# BLS Signature Aggregate and Rogue-Key Attacks
## BLS Signature
There are $P_0$, $P_1$, $P_2$, $P_3$ four parties.
$P_0$: secret key $sk_0$, message $m_0$, public key $P_0 = sk_0 \cdot G$, signature $S_0 = H(m_0) \cdot sk_0$
$P_1$: secret key $sk_1$, message $m_1$, public key $P_1 = sk_1 \cdot G$, signature $S_1 = H(m_1) \cdot sk_1$
$P_2$: secret key $sk_2$, message $m_2$, public key $P_2 = sk_2 \cdot G$, signature $S_2 = H(m_2) \cdot sk_2$
$P_3$: secret key $sk_3$, message $m_3$, public key $P_3 = sk_3 \cdot G$, signature $S_3 = H(m_3) \cdot sk_3$
one by one:
$e(G, S_0) = e(P_0, H(m_0))$ and so on.
$H$, hash to curve, result is a point.
$S = S_0 + S_1 + S_2 + S_3$
$\begin{align*} e(G,S) & = e(G, S_0 + S_1 + S_2 + S_3) \\ &= e(G, S_0)\cdot e(G, S_1)\cdot e(G, S_2)\cdot e(G, S_3) \\ &=e(G, sk_0 \cdot H(m_0))\cdot e(G, sk_1 \cdot H(m_1)) \cdot e(G, sk_2 \cdot H(m_2)) \cdot e(G, sk_3 \cdot H(m_3)) \\ &= e(sk_0\cdot G, H(m_0)) \cdot e(sk_1\cdot G, H(m_1)) \cdot e(sk_2\cdot G, H(m_2)) \cdot e(sk_3\cdot G, H(m_3)) \\ &= e(P_0, H(m_0))\cdot e(P_1, H(m_1)) \cdot e(P_2, H(m_2)) \cdot e(P_3, H(m_3)) \end{align*}$
Use aggregated signature, we can compute $n-1$ less expensive pairings. ($2n$ vs $n+1$)
## Rogue-Key Attacks
if $m_0 = m_1 = m_2 = m_3 = m$, for example, in consensus, different nodes sign the same block.

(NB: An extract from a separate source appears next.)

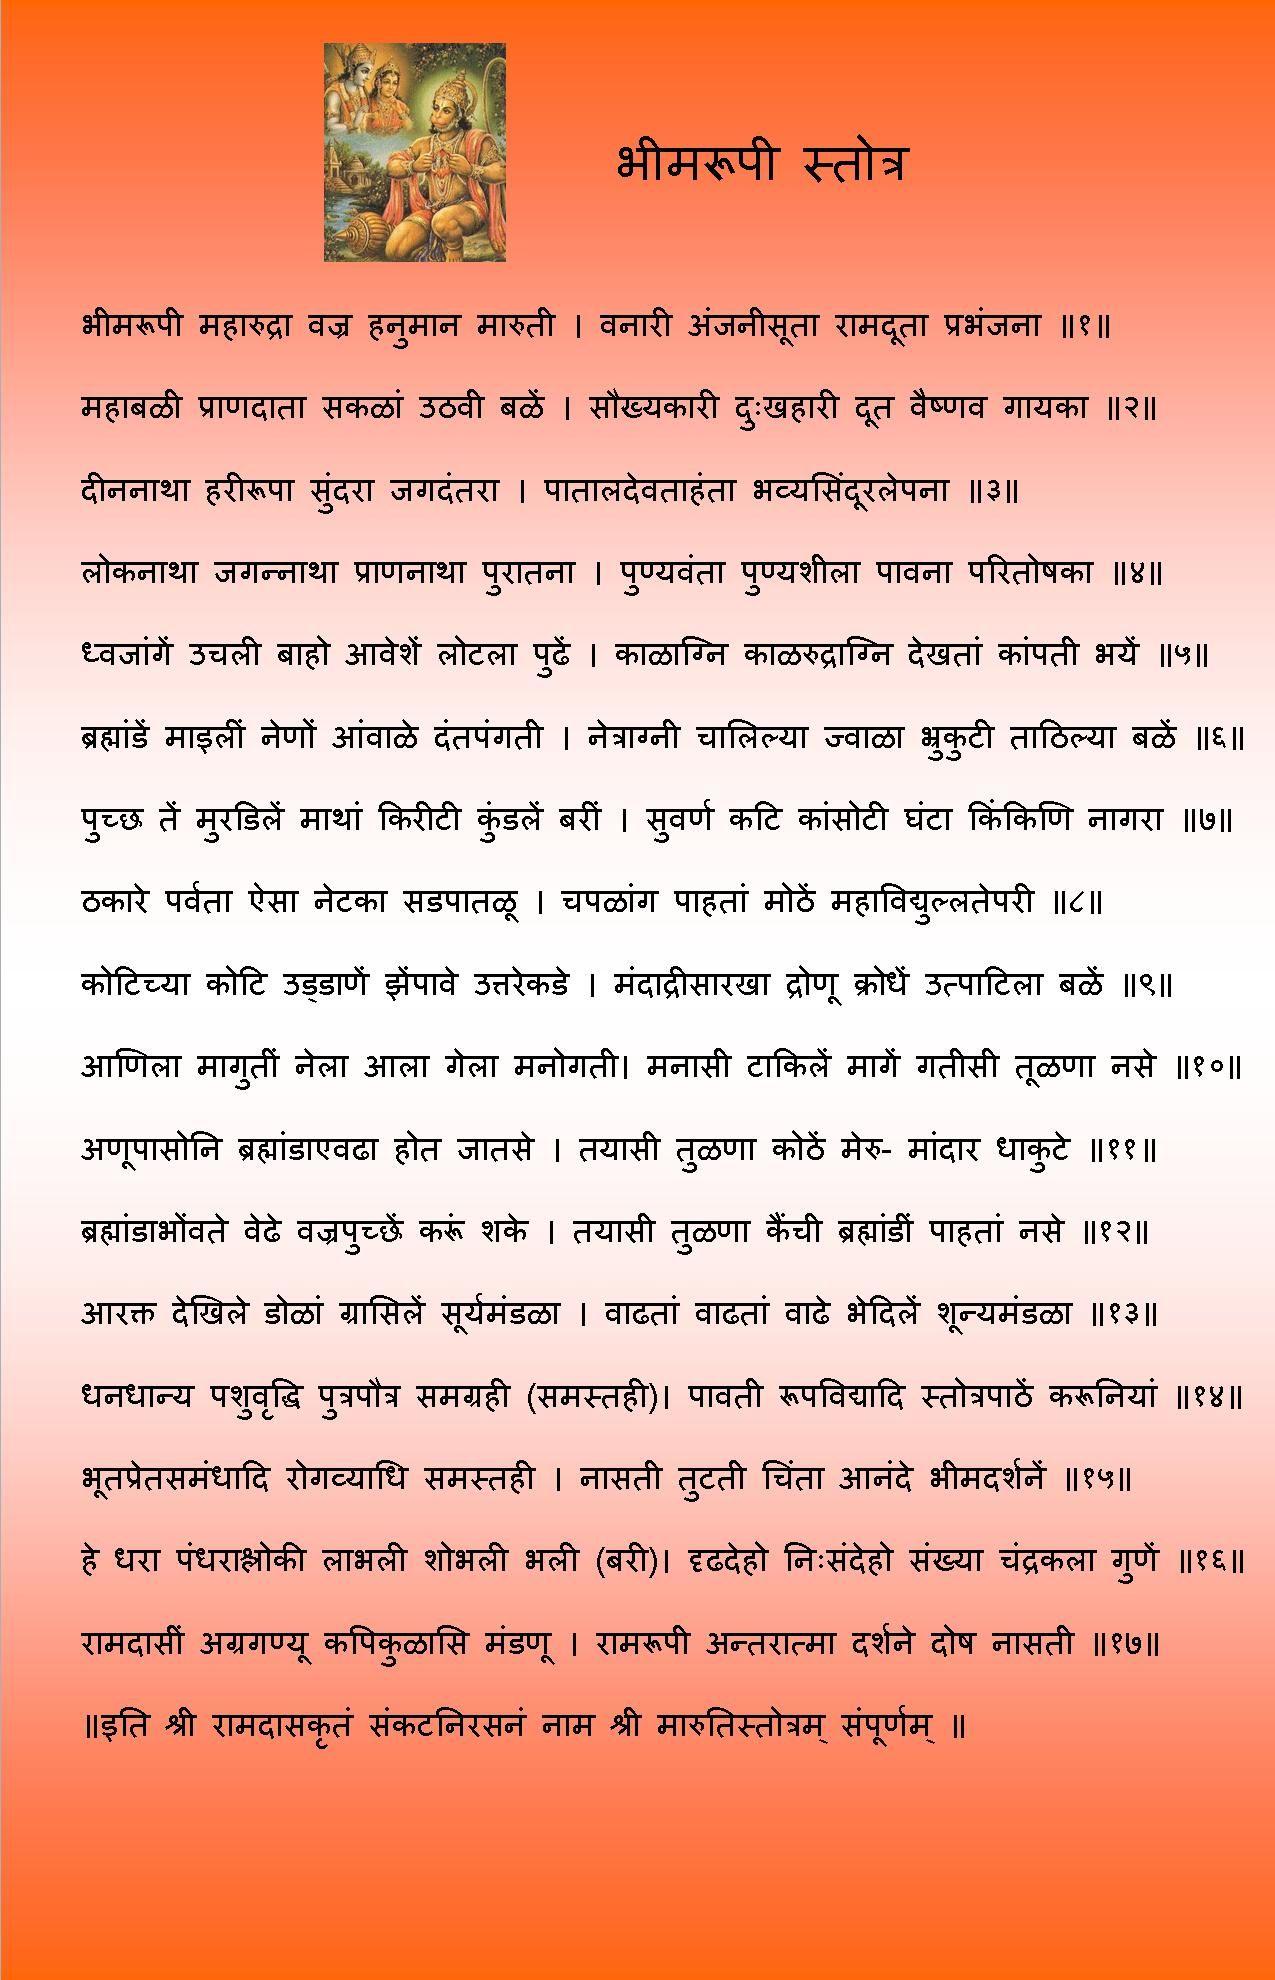 Image Result For Maruti Stotra In Marathi Pdf Neon Light Wallpaper Shivaji Maharaj Hd Wallpaper Mantras

There are 5 parties: 4 validators and 1 leader.
### Normal Process
- The leader broadcasts block($m$) to all the validators
- The validators send back signatures $S_0, \dots, S_3$.
- The leader broadcasts the aggregated signature $S=S_0+S_1+ S_2 +S_3$
- The validators validate $e(G, S) = e(P, H(m))$ with $P=P_0 + P_1+P_2 + P_3$, as $e(G, S) = e(P_0, H(m))\cdot e(P_1, H(m))\cdot e(P_2, H(m)) \cdot e(P_3, H(m)) = e(P_0+P_1+P_2+P_3, H(m))$.
### As a malicious leader
The malicious leader want to change the block, such as he want to double-spend.
- The leader new a secret key $sk^\prime$, with public key $P^\prime = sk^\prime \cdot G$
- The leader sign the new block($m^\prime$): $S^\prime = sk^\prime \cdot H(m^\prime)$
- The leader public new public key $P_4 = P^\prime - (P_0 + P_1 + P_2 + P_3) = P^\prime -P_\text{origin}$
- The leader public new signature $S_4 = S^\prime - (S_0+ S_1+S_2+S_3) = S^\prime - S_\text{origin}$
- Other validators aggregate: $S_\text{new} = S_0 + \cdots + S_4 = S^\prime$, $P_\text{new} = P_0 + \cdots + P_4 = P^\prime$, $e(G, S_\text{new}) = e(G, S^\prime) = e(P^\prime, H(m^\prime)) = e(P_\text{new}, H(m^\prime))$, So validators think the new block($m^\prime)$ is legal.